Our next question comes from the line of Dan Leonard with Leerink.

My first question on the long-term contracts, again. I think you mentioned last quarter that the UnitedHealth contract allowed for update testing. Do these other long-term contracts allow for the same thing?

Yes, thanks, Dan. All of these contracts will also include an update testing provision in them as well. I think that's an important point. We now have over 1.3 million patients out there that have been previously tested that continue to become aware of new information. PALB2 is just one of the many examples of that. Now women are hearing about that. They're looking for alternatives. And when you look at laboratories charging $1,200, $1,500 for a PALB2 gene in and of itself, an update test begins to become very attractive to a payor because they are now exposed to every new publication, somebody wanting to order another $1,500 gene. And so they've been very interested in making sure update testing is part of that contract.

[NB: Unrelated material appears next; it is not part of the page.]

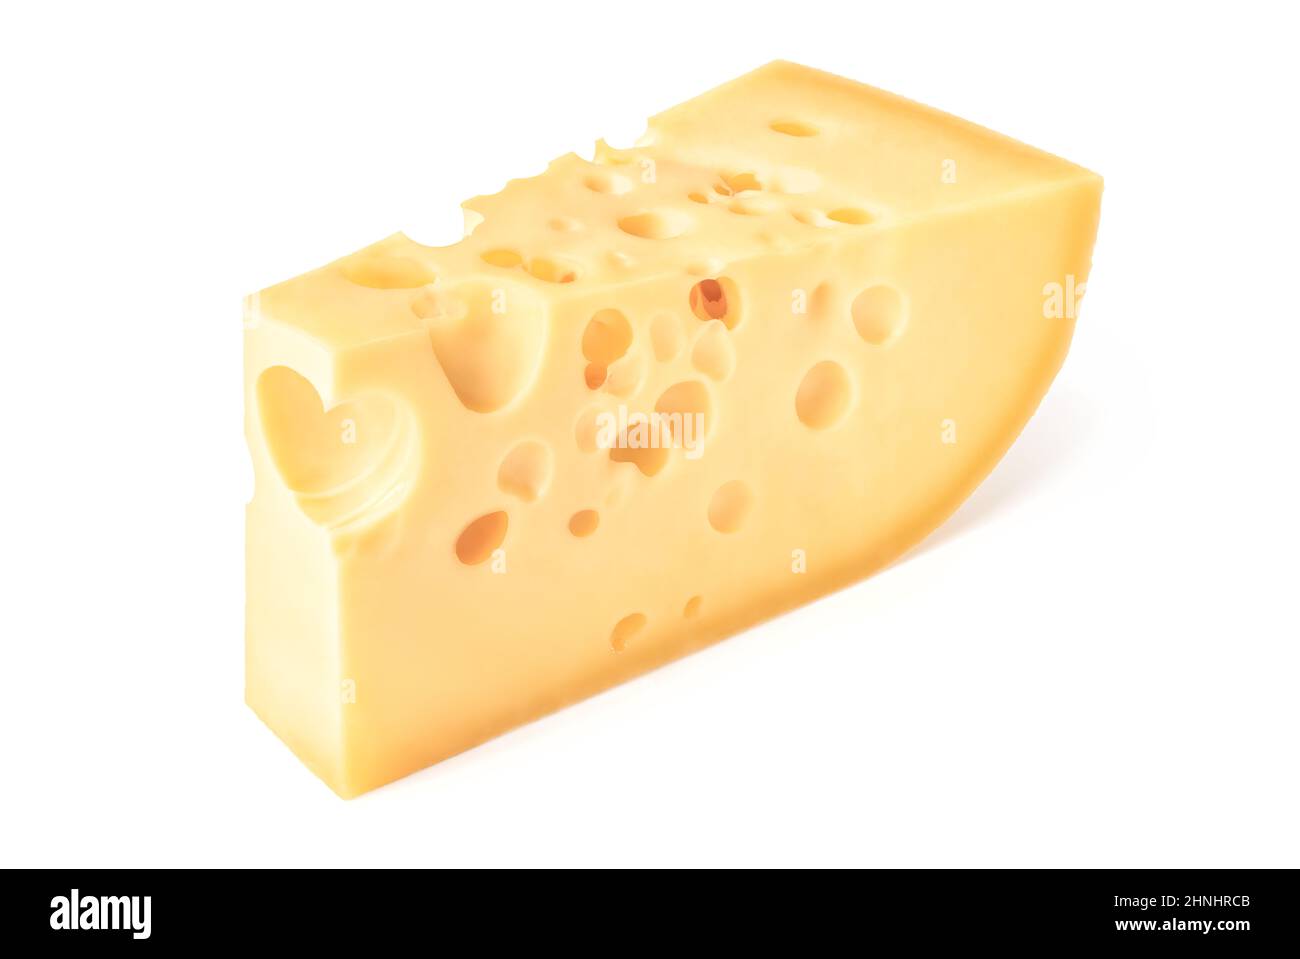 Comida y bebida: Pieza triangular de queso, aislada sobre fondo blanco Foto de stock

Got it. And my follow-up question, Mark, is it still the plan to discontinue offering integrated BRAC by the end of next year?

Yes. We continue to expect by summertime to have the market fully converted. And so the only -- what we will continue to see is BRACAnalysis CDx ordered as a companion diagnostic, which is, in fact, the FDA-approved version of integrated BRACAnalysis. So that indication, we expect to continue to be used. But for hereditary cancer, we'd see the market transition by summer.

So if somebody submits an order for integrated BRAC, you don't fill that order by the summer of next year?

Well, for a physician that may do that and may not be aware of the availability of myRisk, we would talk to that physician, make sure they understand that there is a panel available and make sure that their intention was to order just a single-syndrome test. And so that's something we would do. But again, our experience so far has been, when a physician is aware of myRisk and the 50% to 60% increase in sensitivity at the same cost, we have seen complete conversion.

Mr. Gleason, that was our final question. I'll turn the call back to you for your closing remarks.

Thanks, Melody. This concludes our earnings call. A replay will be available via webcast on our website for 1 week. Thank you again for joining us this afternoon.